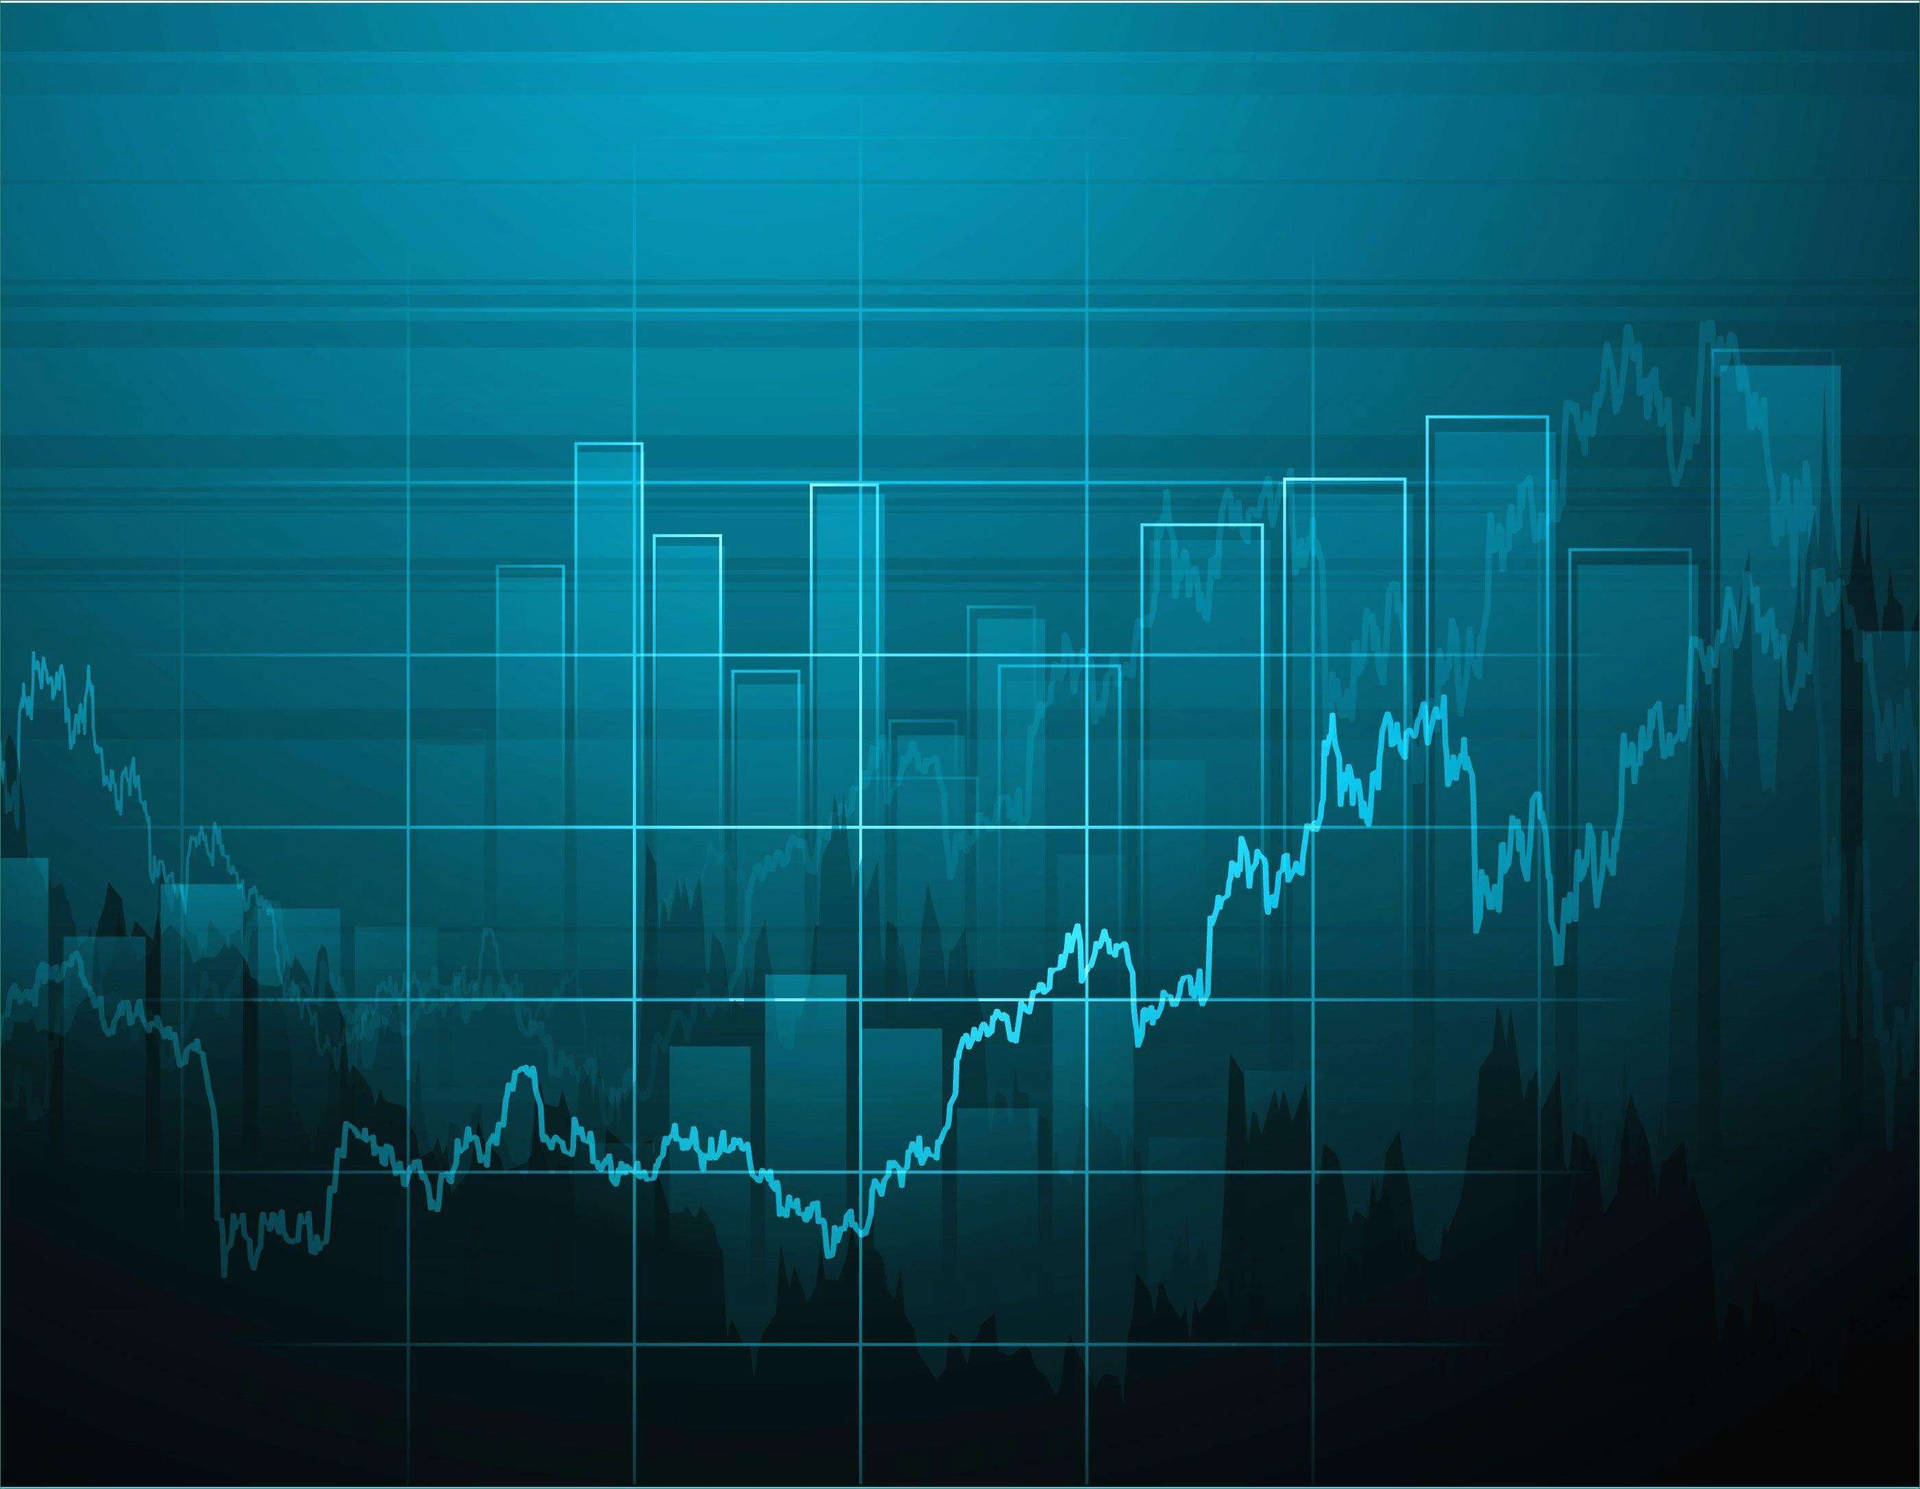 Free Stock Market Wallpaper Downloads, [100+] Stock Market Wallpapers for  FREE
========================================================================
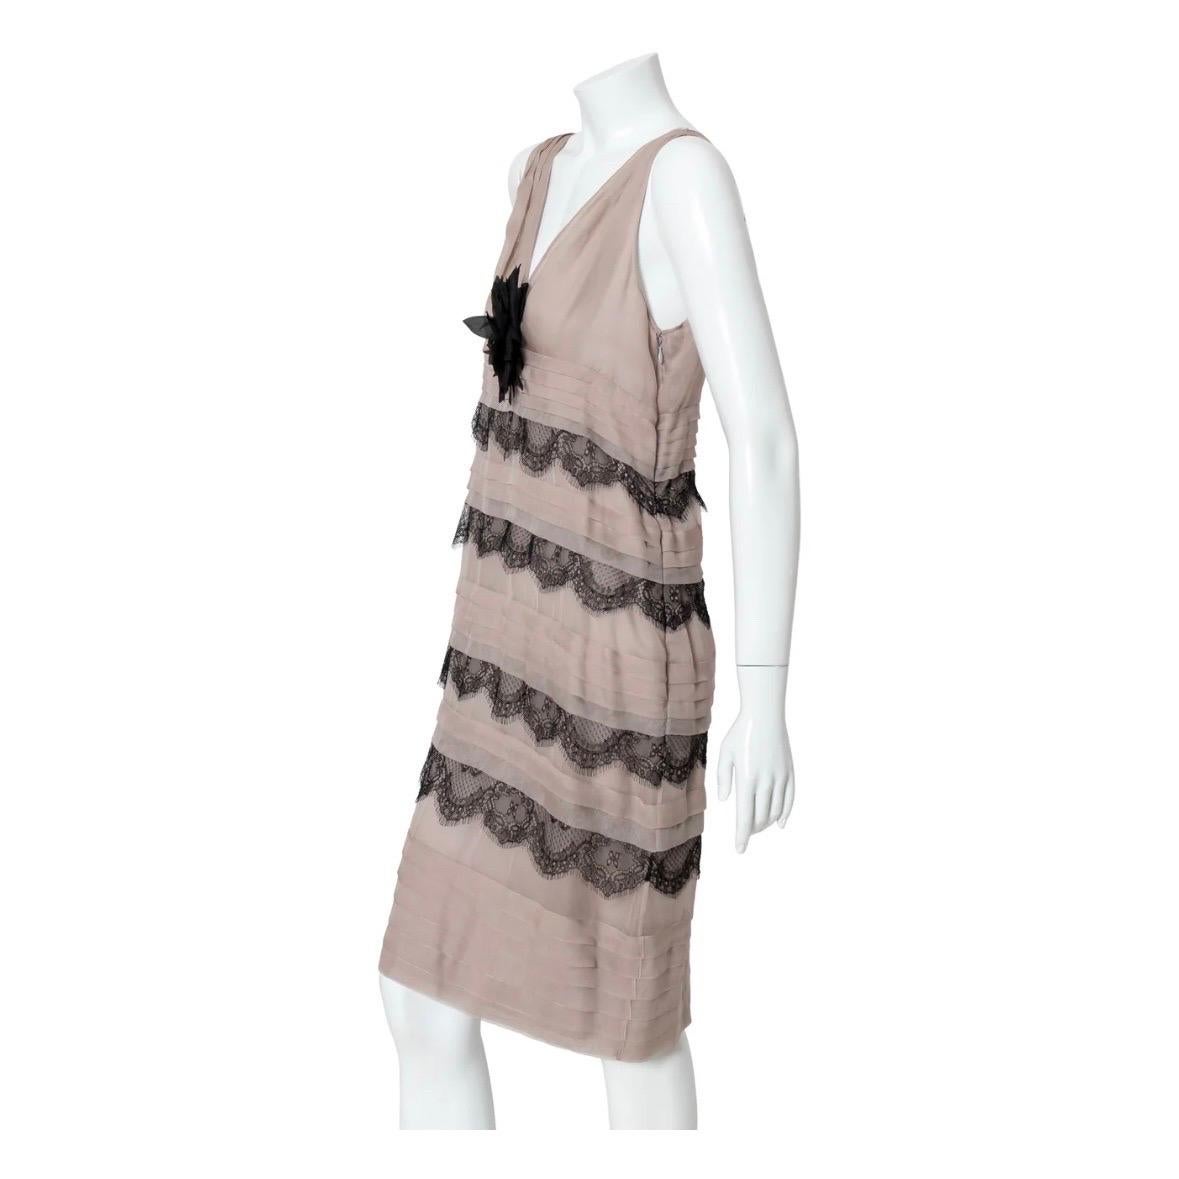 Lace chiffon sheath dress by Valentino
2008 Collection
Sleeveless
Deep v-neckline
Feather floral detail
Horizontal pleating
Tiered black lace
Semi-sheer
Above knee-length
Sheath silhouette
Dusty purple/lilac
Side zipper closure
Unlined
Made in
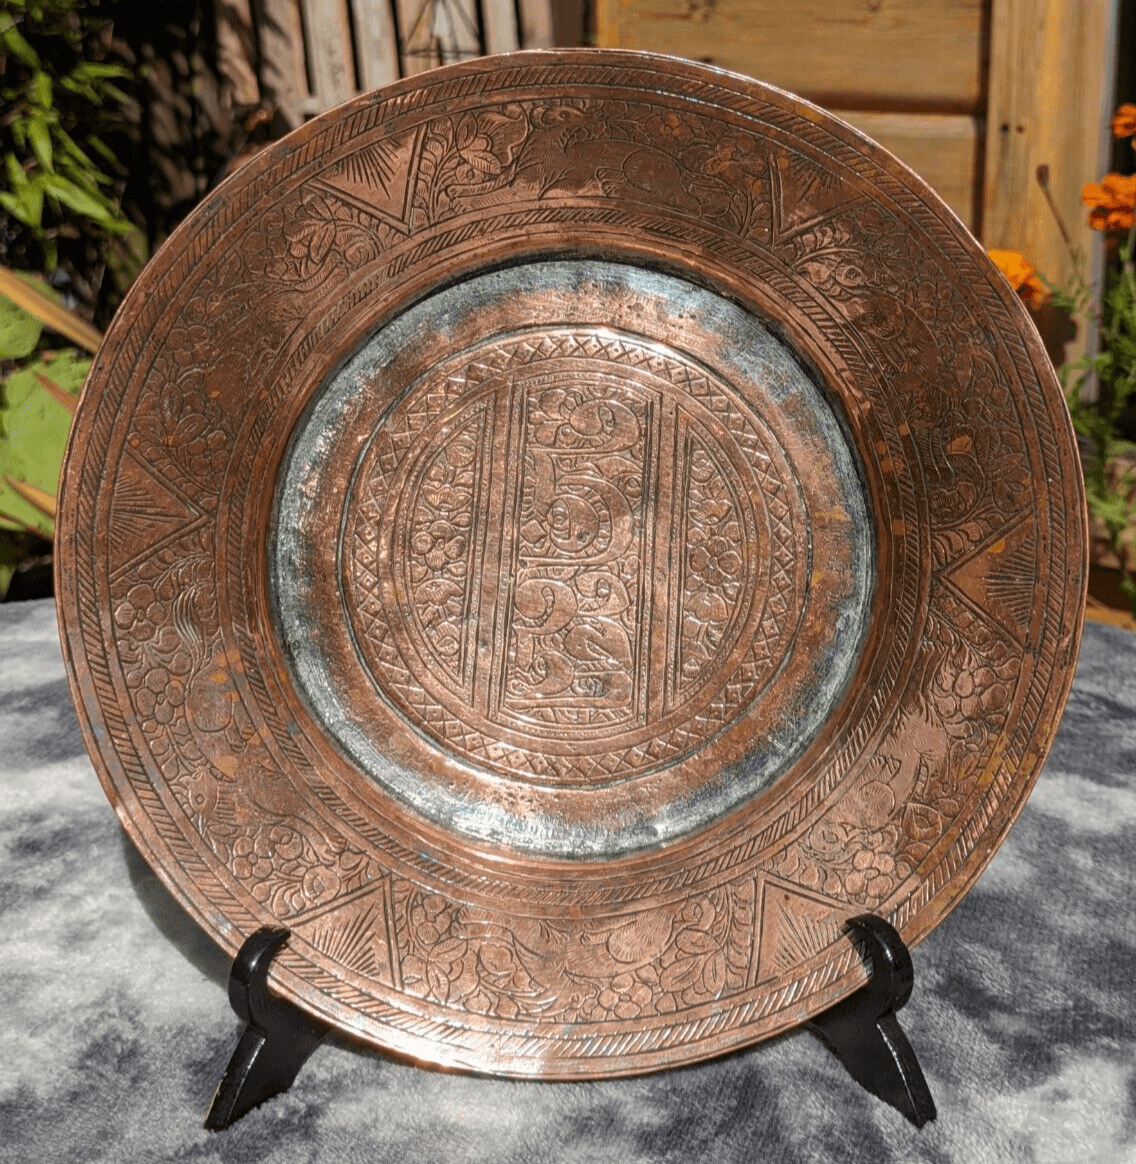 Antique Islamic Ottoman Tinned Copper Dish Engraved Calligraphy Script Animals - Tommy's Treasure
========================================================================
#### [Task]
Look back at the data above, then output exactly the lines from the line holding "Tiered black lace" up to and including the line holding "Antique Islamic Ottoman". Leave out the pictures.

#### [Task solution]
Tiered black lace
Semi-sheer
Above knee-length
Sheath silhouette
Dusty purple/lilac
Side zipper closure
Unlined
Made in
 Antique Islamic Ottoman Tinned Copper Dish Engraved Calligraphy Script Animals - Tommy's Treasure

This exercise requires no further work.